» **Activity**:
Every record below, from first to last, should be copied exactly; leave the pictures out.

::: Given records :::

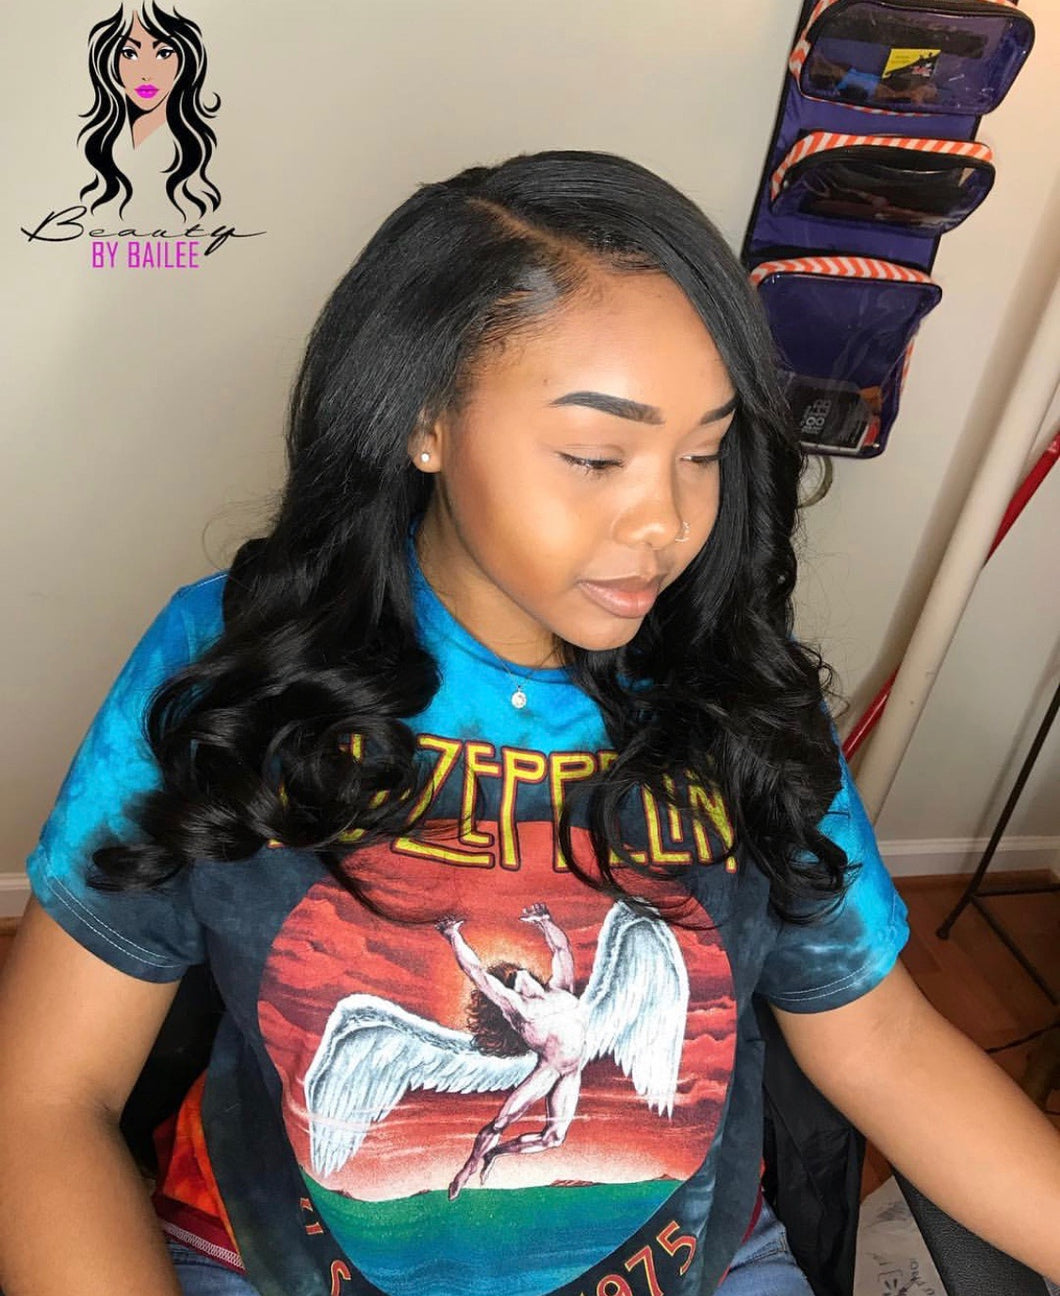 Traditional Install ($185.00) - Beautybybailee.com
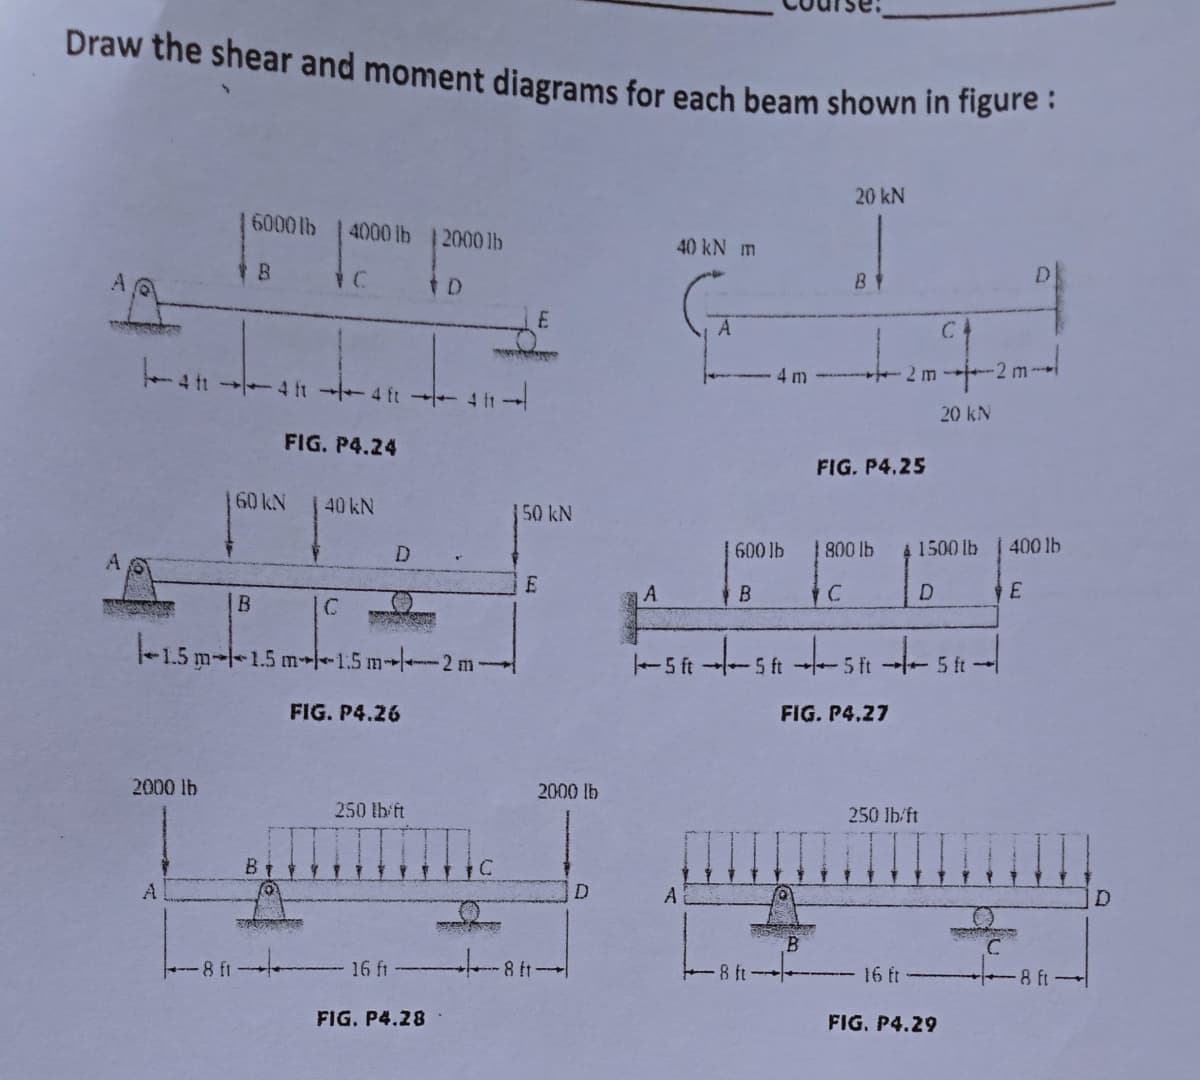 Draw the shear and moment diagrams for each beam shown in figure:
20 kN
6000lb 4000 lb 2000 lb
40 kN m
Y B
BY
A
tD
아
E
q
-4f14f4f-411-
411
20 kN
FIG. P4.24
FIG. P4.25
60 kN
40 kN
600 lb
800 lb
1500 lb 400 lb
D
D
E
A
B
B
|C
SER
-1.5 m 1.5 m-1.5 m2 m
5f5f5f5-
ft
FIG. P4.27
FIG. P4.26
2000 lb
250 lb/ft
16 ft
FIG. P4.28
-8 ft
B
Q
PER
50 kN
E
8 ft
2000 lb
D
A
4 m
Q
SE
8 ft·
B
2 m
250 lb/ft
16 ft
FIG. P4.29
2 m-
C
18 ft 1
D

:::

» **Written answer**:
 Traditional Install ($185.00) - Beautybybailee.com
 Draw the shear and moment diagrams for each beam shown in figure:
20 kN
6000lb 4000 lb 2000 lb
40 kN m
Y B
BY
A
tD
아
E
q
-4f14f4f-411-
411
20 kN
FIG. P4.24
FIG. P4.25
60 kN
40 kN
600 lb
800 lb
1500 lb 400 lb
D
D
E
A
B
B
|C
SER
-1.5 m 1.5 m-1.5 m2 m
5f5f5f5-
ft
FIG. P4.27
FIG. P4.26
2000 lb
250 lb/ft
16 ft
FIG. P4.28
-8 ft
B
Q
PER
50 kN
E
8 ft
2000 lb
D
A
4 m
Q
SE
8 ft·
B
2 m
250 lb/ft
16 ft
FIG. P4.29
2 m-
C
18 ft 1
D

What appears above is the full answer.